'''

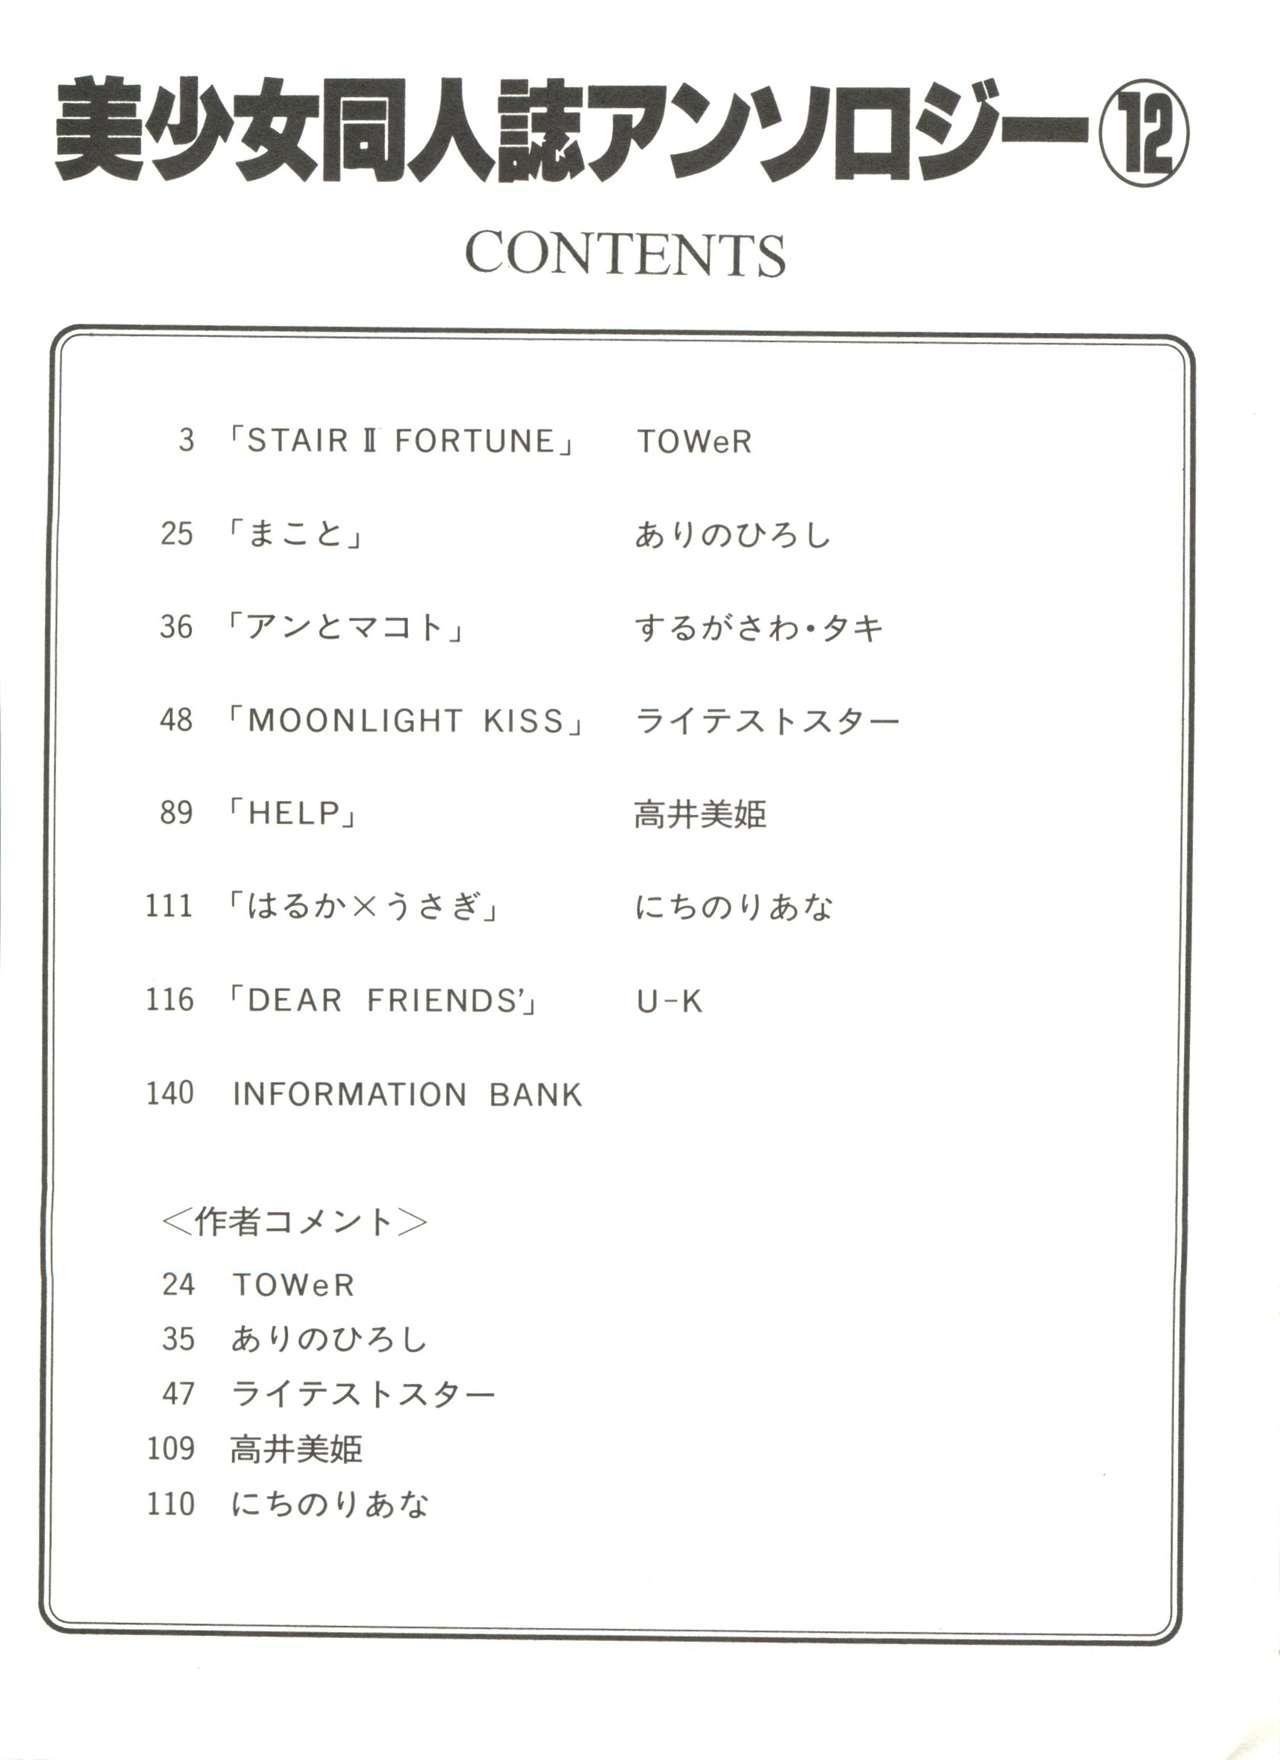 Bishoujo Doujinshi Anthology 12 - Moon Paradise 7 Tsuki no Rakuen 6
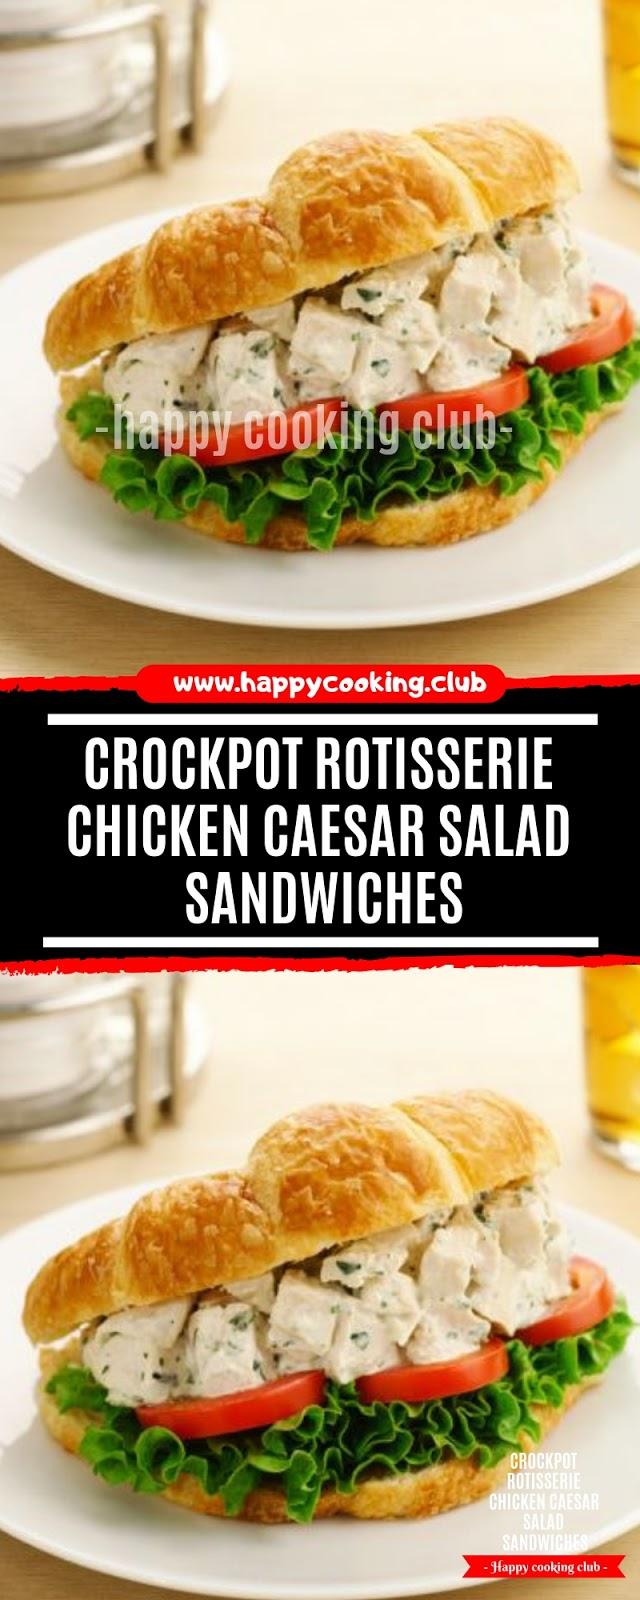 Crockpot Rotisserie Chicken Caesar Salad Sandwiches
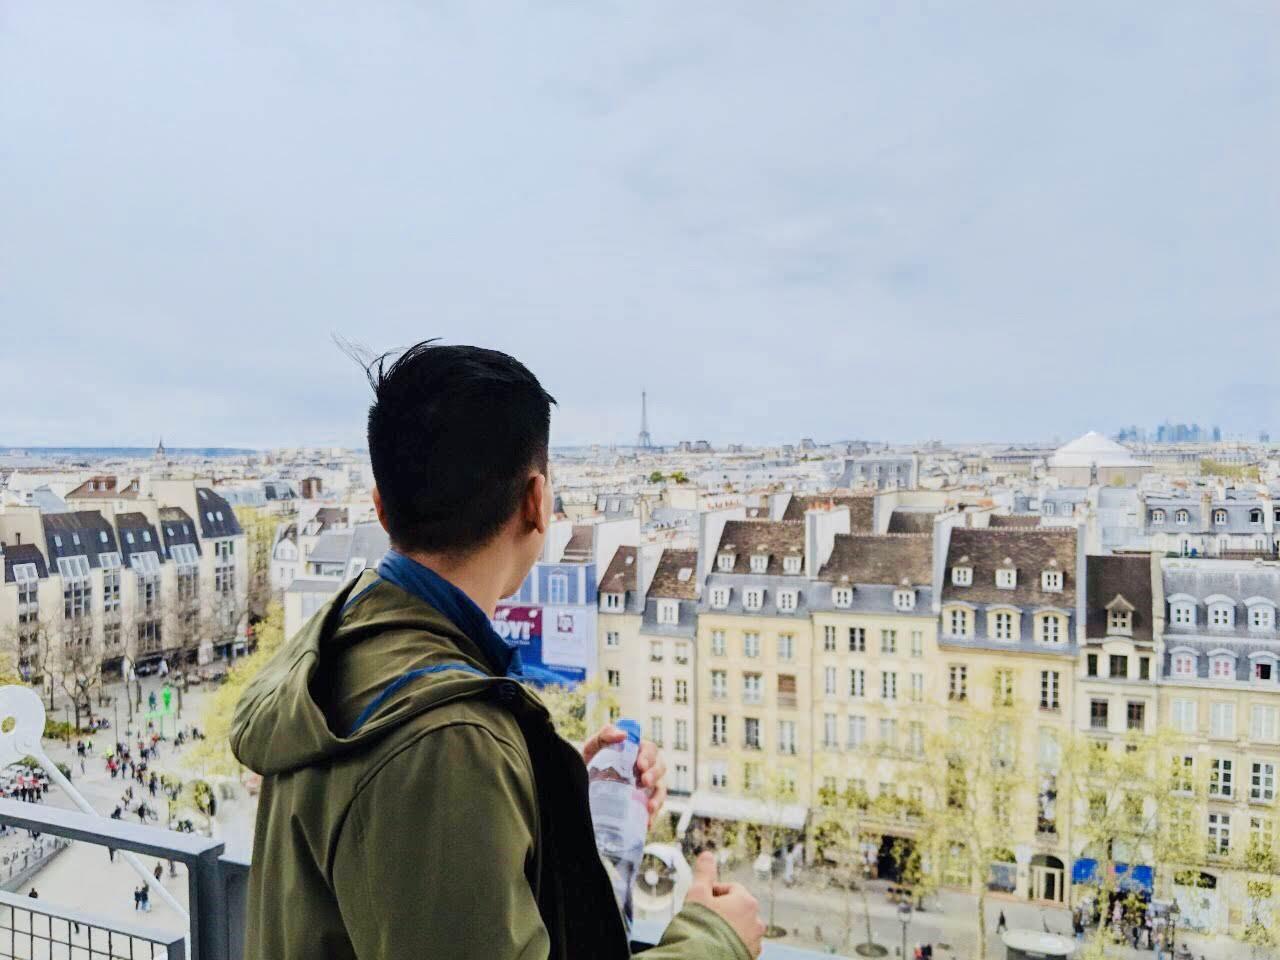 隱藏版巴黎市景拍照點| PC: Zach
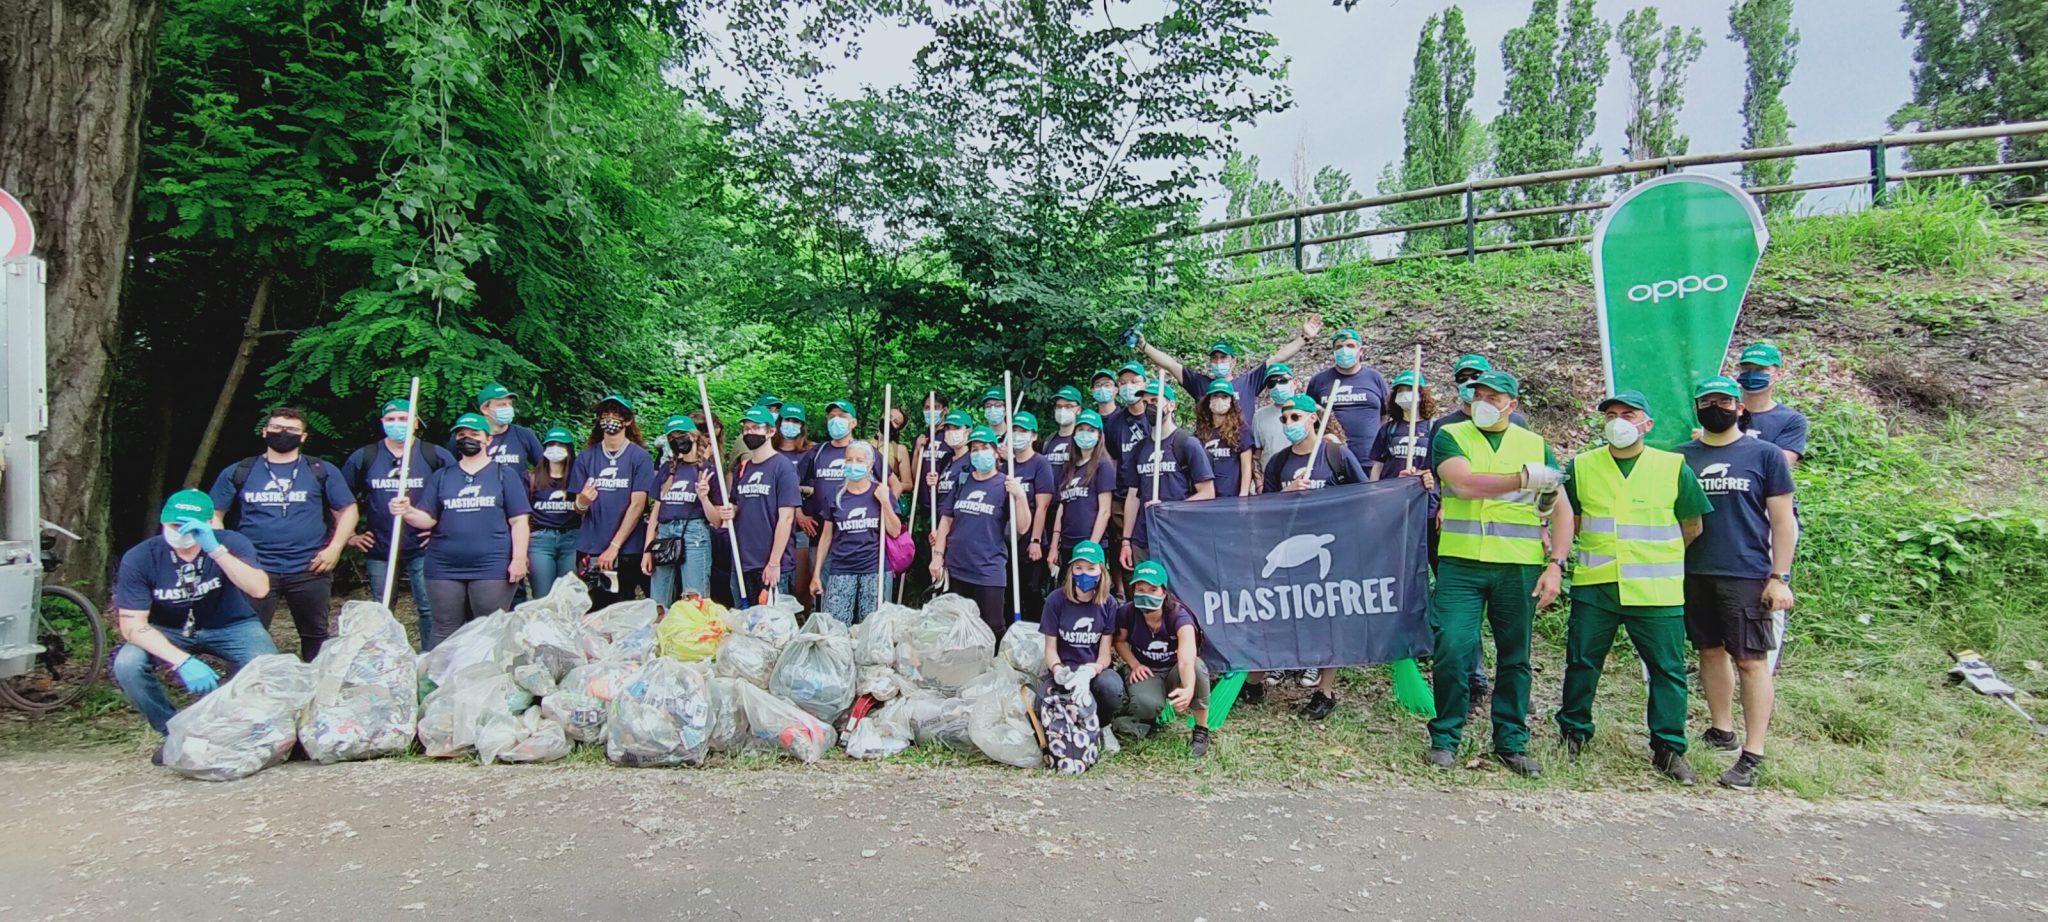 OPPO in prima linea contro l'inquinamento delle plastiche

'''

After removing the pictures, transcribe the listing above exactly.

# Written reply
 Bishoujo Doujinshi Anthology 12 - Moon Paradise 7 Tsuki no Rakuen 6
 Crockpot Rotisserie Chicken Caesar Salad Sandwiches
 隱藏版巴黎市景拍照點| PC: Zach
 OPPO in prima linea contro l'inquinamento delle plastiche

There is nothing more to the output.